Train: (12180, 94), Test: (4702, 94)


### Personal Prediction

Because Logistic Regression is based off of Linear Regression, it performs best with a linearly separable type of training set. However, our training data set has many categories and is not linearly separable, so I predict that the Random Forest Classifier will perform more accurately.

## Fit a LogisticRegression model and RandomForestClassifier model


#### Logistic Regression

In [23]:
# Create a Logistic Regression model
from sklearn.linear_model import LogisticRegression
classifier = LogisticRegression()
# Fit to training data
classifier.fit(X_dummies_train, y_label_train)
# Print model score
print(f"Training Data Score: {classifier.score(X_dummies_train, y_label_train)}")
print(f"Testing Data Score: {classifier.score(X_dummies_test, y_label_test)}")

Training Data Score: 0.648440065681445
Testing Data Score: 0.5250957039557635


STOP: TOTAL NO. of ITERATIONS REACHED LIMIT.

Increase the number of iterations (max_iter) or scale the data as shown in:
    https://scikit-learn.org/stable/modules/preprocessing.html
Please also refer to the documentation for alternative solver options:
    https://scikit-learn.org/stable/modules/linear_model.html#logistic-regression
  n_iter_i = _check_optimize_result(


#### Random Forest Classifier 

In [24]:
# Create a Random Forest Classifier model
from sklearn.ensemble import RandomForestClassifier
classifier = RandomForestClassifier()
# Fit to training data
classifier.fit(X_dummies_train, y_label_train)
# Print model score
print(f"Training Data Score: {classifier.score(X_dummies_train, y_label_train)}")
print(f"Testing Data Score: {classifier.score(X_dummies_test, y_label_test)}")

Training Data Score: 1.0
Testing Data Score: 0.6069757549978733


### Personal Prediction for Scaled Data 

I predict the LR scores will improve, but the RFC scores will not as this type of classifier is independent of feature scaling. 

In [29]:
# Scale data 
scaler = StandardScaler().fit(X_dummies_train)
X_train_scaled = scaler.transform(X_dummies_train)
X_test_scaled = scaler.transform(X_dummies_test)
scaled_LR = LogisticRegression().fit(X_train_scaled, y_label_train).score(X_test_scaled, y_label_test)
scaled_RFC = RandomForestClassifier().fit(X_train_scaled, y_label_train).score(X_test_scaled, y_label_test)
print(f' The new Logistic Regression test score is: {scaled_LR}')
print(f' The new Random Forest Classifier test score is: {scaled_RFC}')
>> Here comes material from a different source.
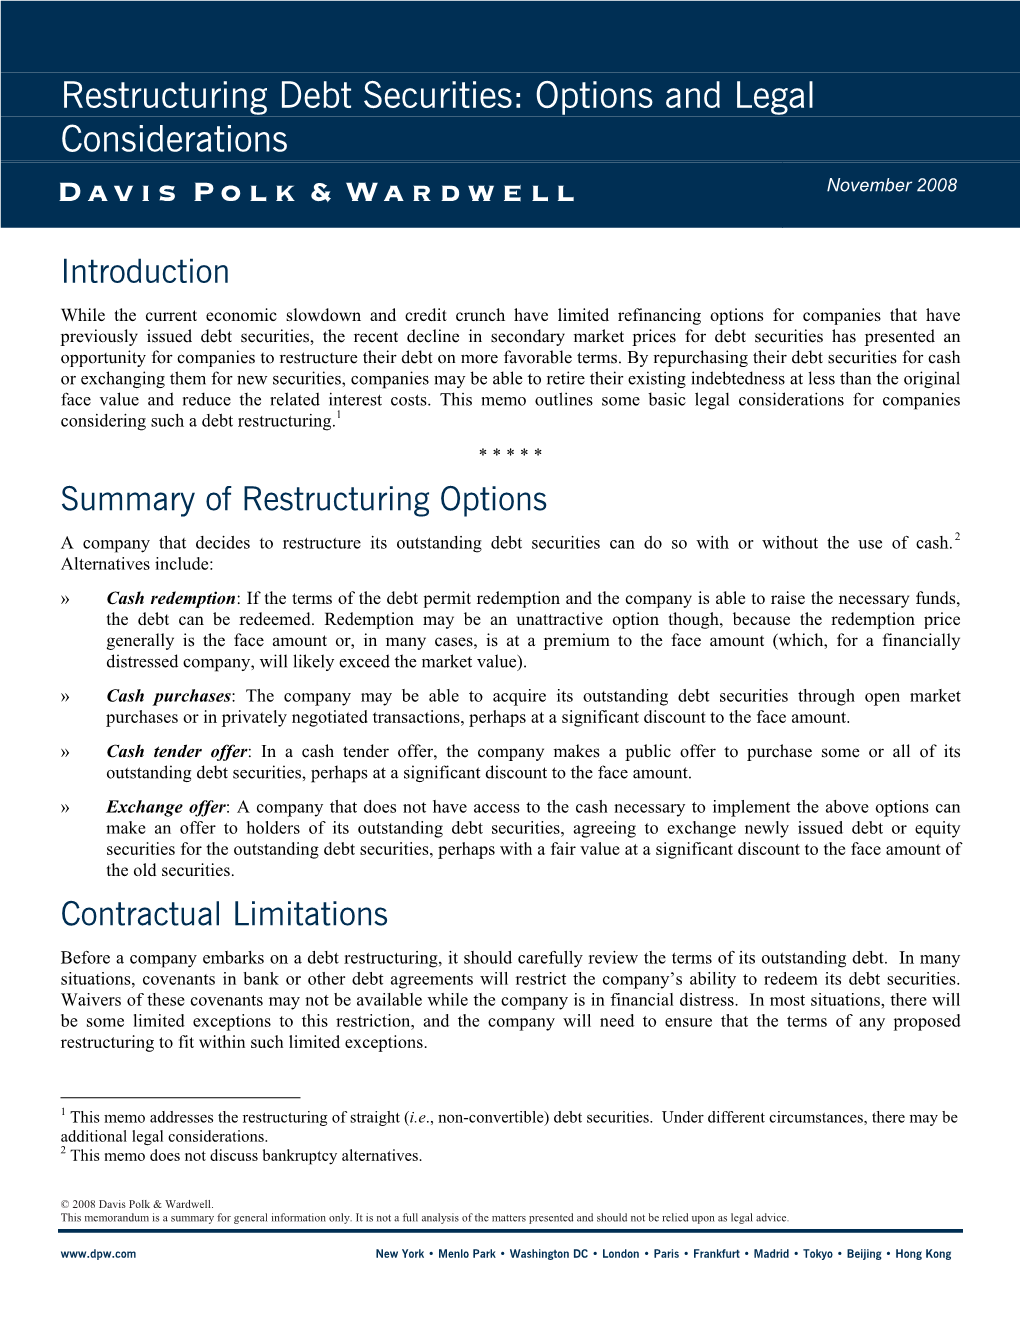 Restructuring Debt Securities: Options and Legal Considerations
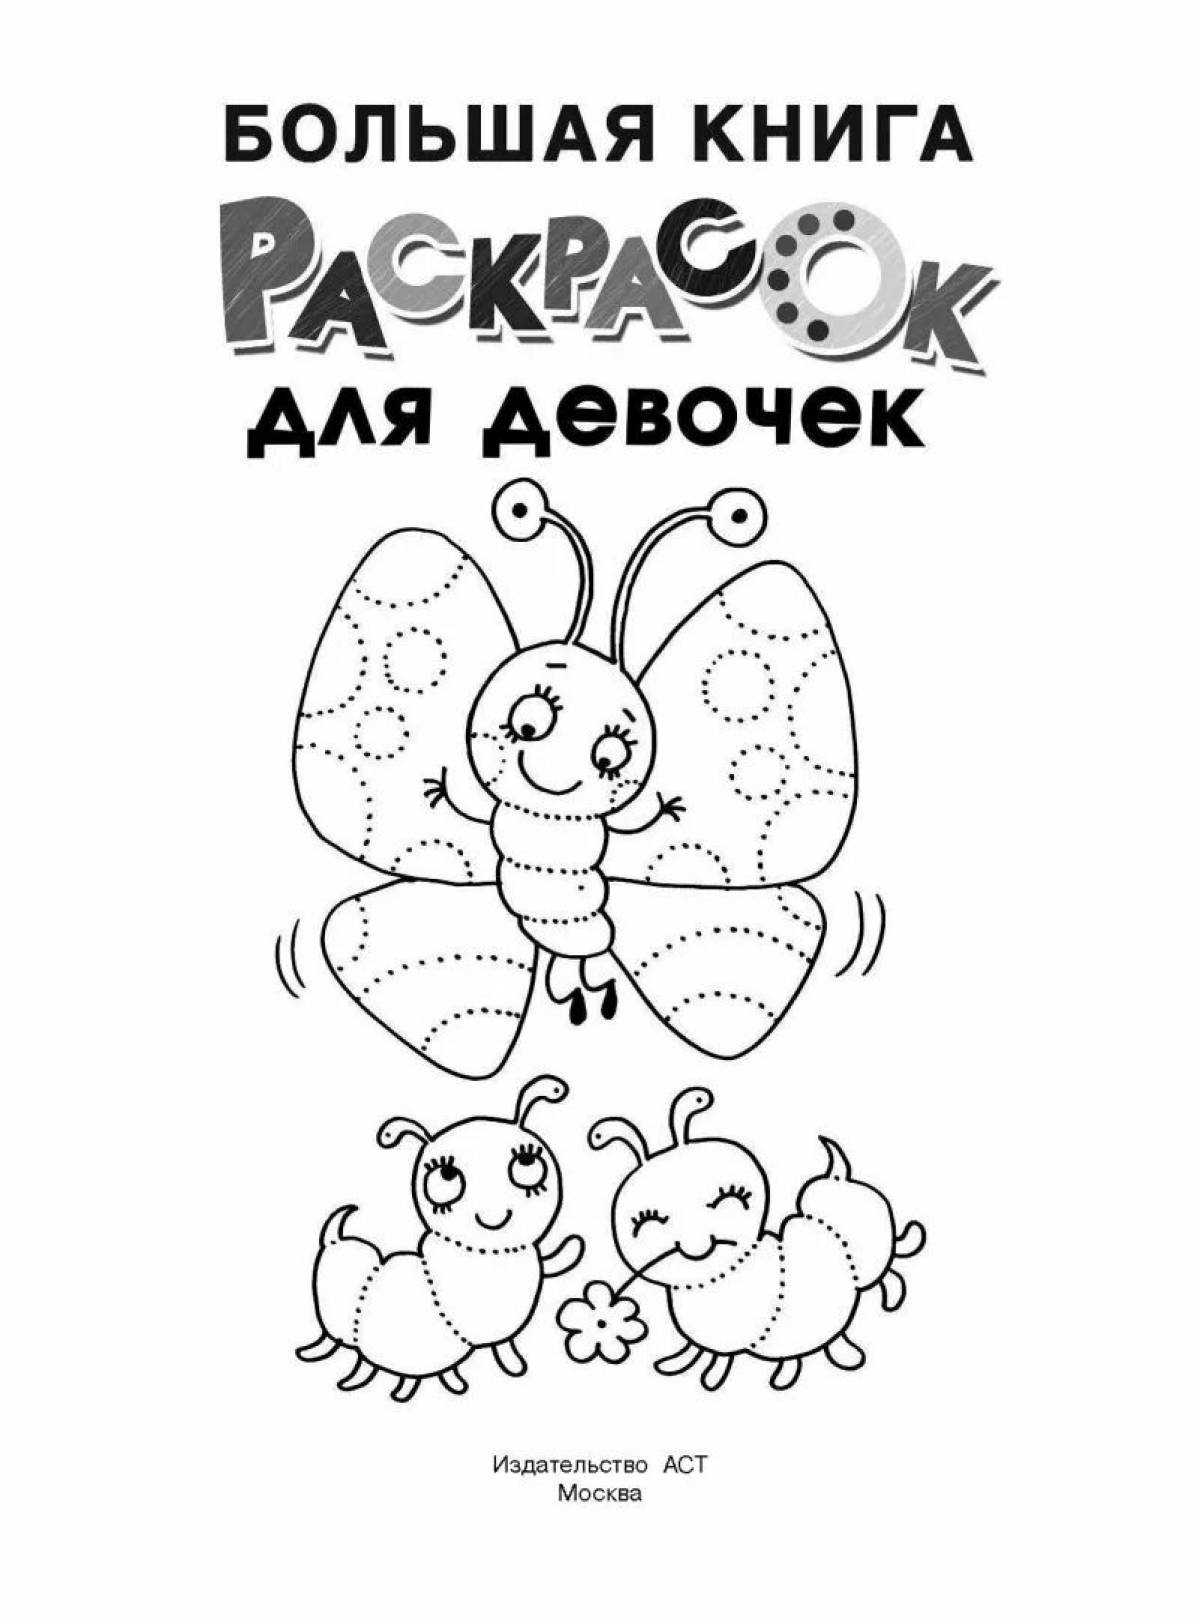 Name of coloring page

STOP: TOTAL NO. of ITERATIONS REACHED LIMIT.

Increase the number of iterations (max_iter) or scale the data as shown in:
    https://scikit-learn.org/stable/modules/preprocessing.html
Please also refer to the documentation for alternative solver options:
    https://scikit-learn.org/stable/modules/linear_model.html#logistic-regression
  n_iter_i = _check_optimize_result(


 The new Logistic Regression test score is: 0.7203317737133135
 The new Random Forest Classifier test score is: 0.6135686941726924


#### Results: 

The Logistic Regression score improved with feature scaling as predicted, but the Random Forest Classifier also improved very slightly, and I was expecting no change. Perhaps it was due to combing the fit and score operations into one line rather than separate like I did pre-scaling (rounding differences).